» Directions
Nothing outside the lines below from the one containing "Austin Healey Sprite" through the one containing "bellissimo unicorno con fiori" is to be printed; print those exactly, ends included, and drop the pictures.

» Listed entries

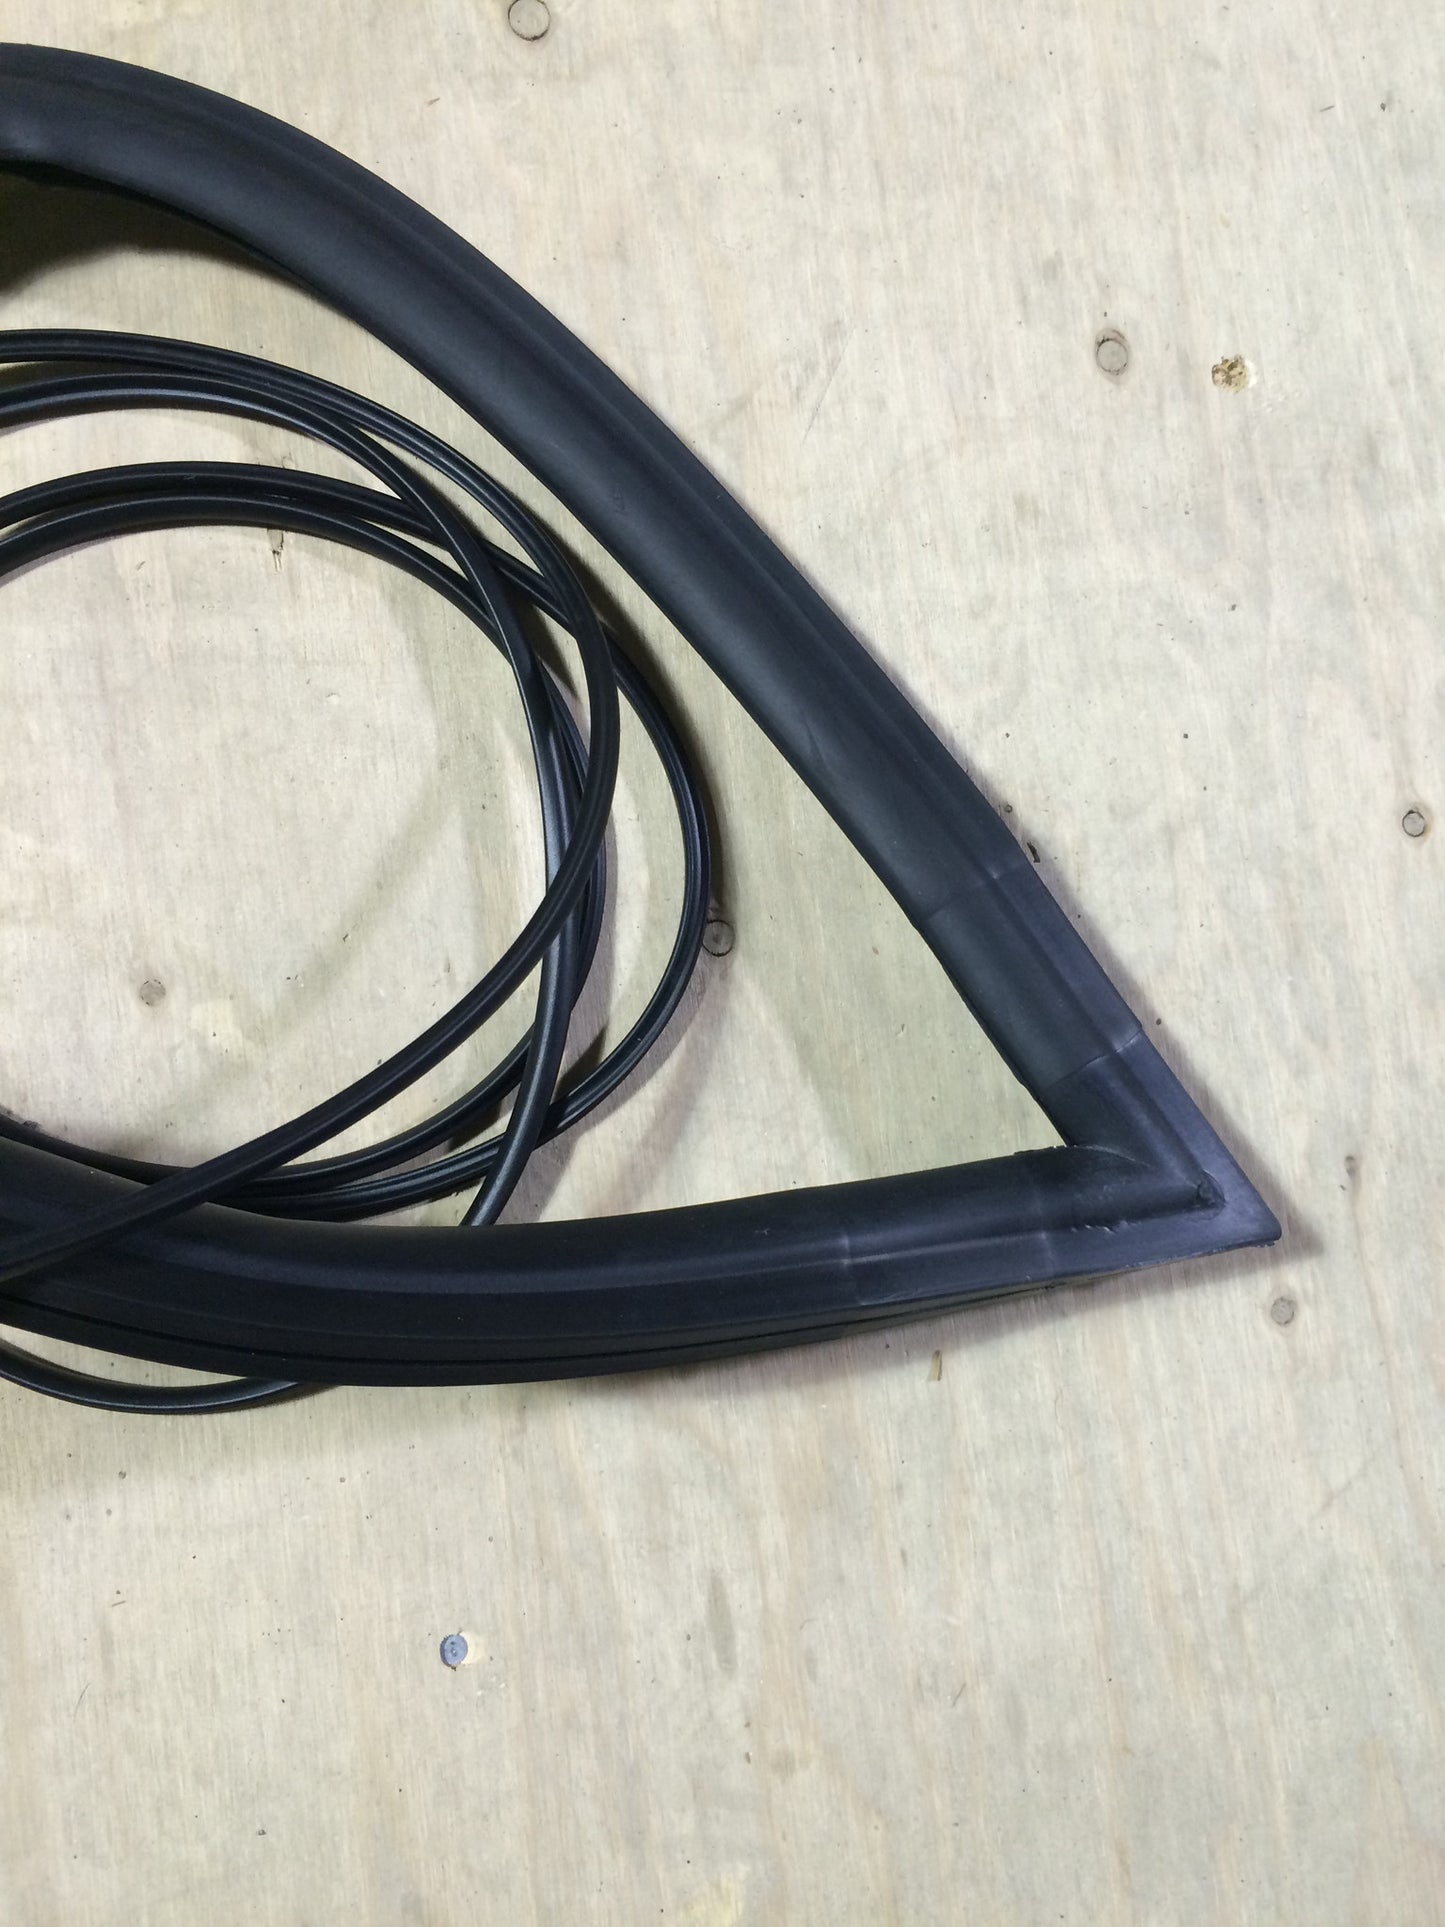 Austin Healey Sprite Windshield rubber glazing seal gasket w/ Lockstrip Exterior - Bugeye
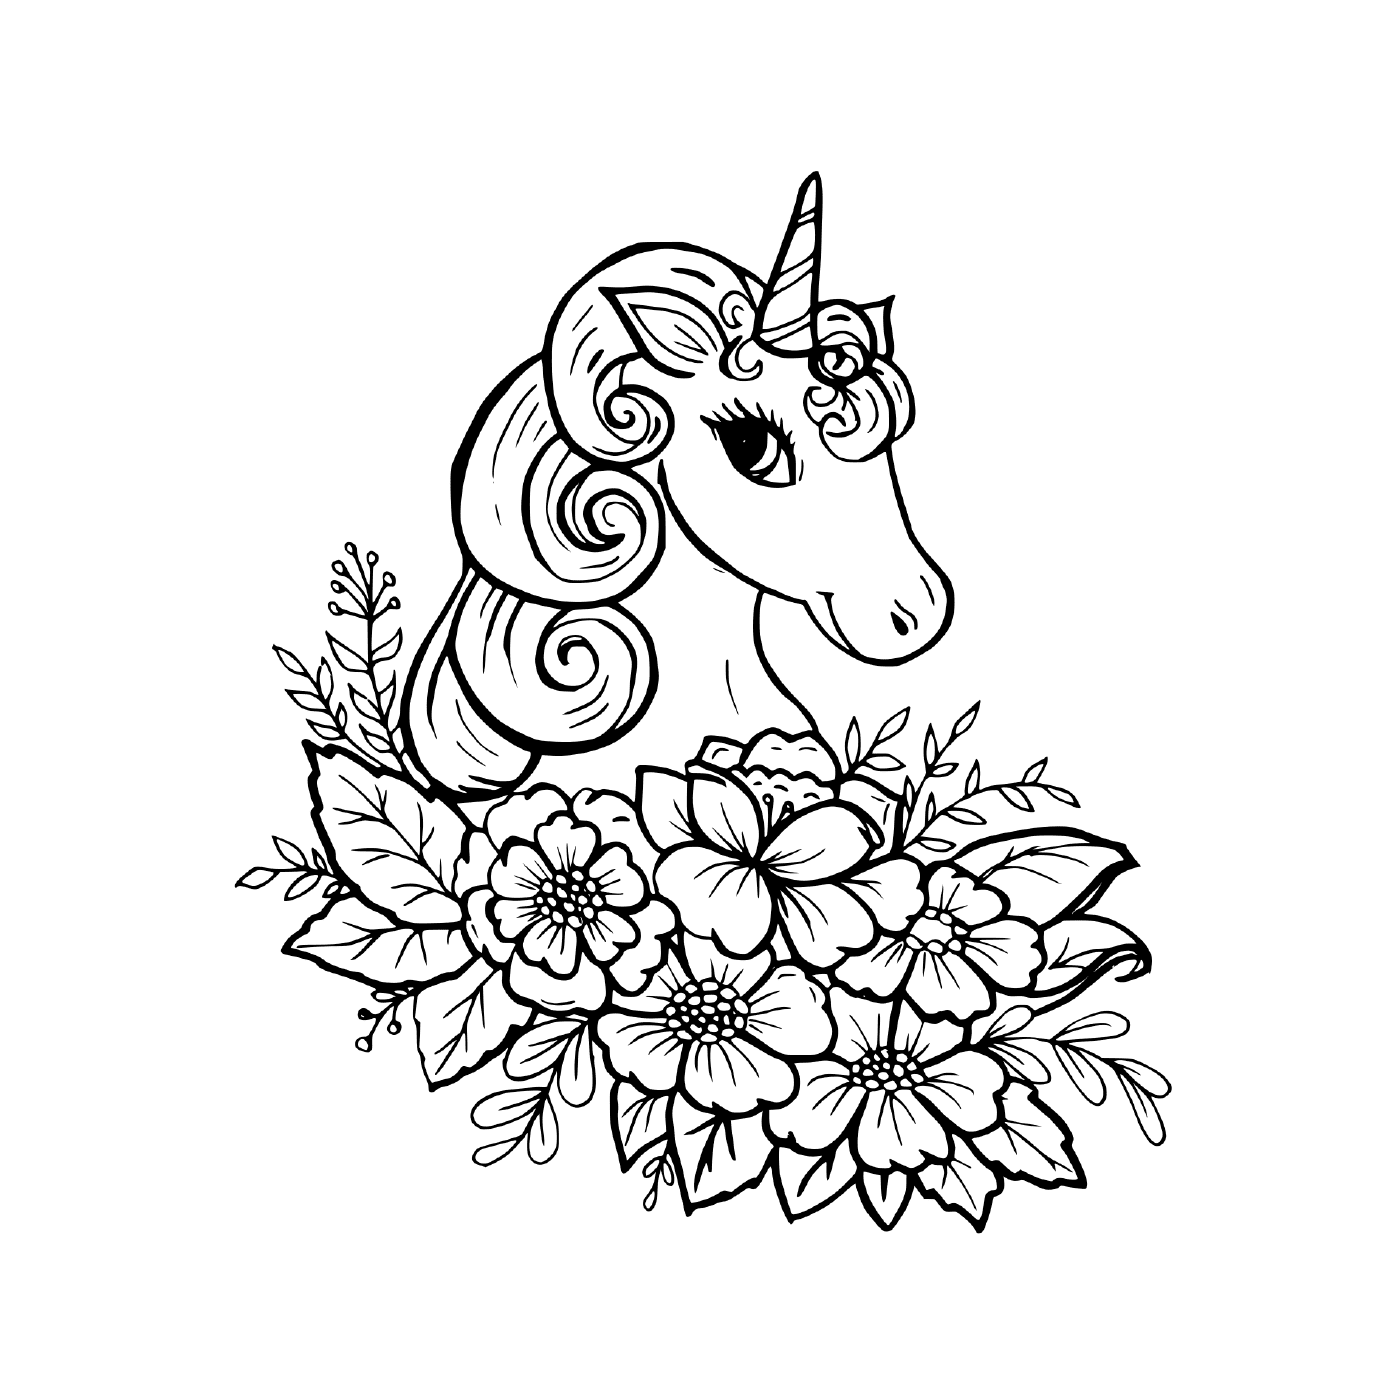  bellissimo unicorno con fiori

---

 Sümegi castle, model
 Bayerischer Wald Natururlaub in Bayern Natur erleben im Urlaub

» Exercise output
 Austin Healey Sprite Windshield rubber glazing seal gasket w/ Lockstrip Exterior - Bugeye
  bellissimo unicorno con fiori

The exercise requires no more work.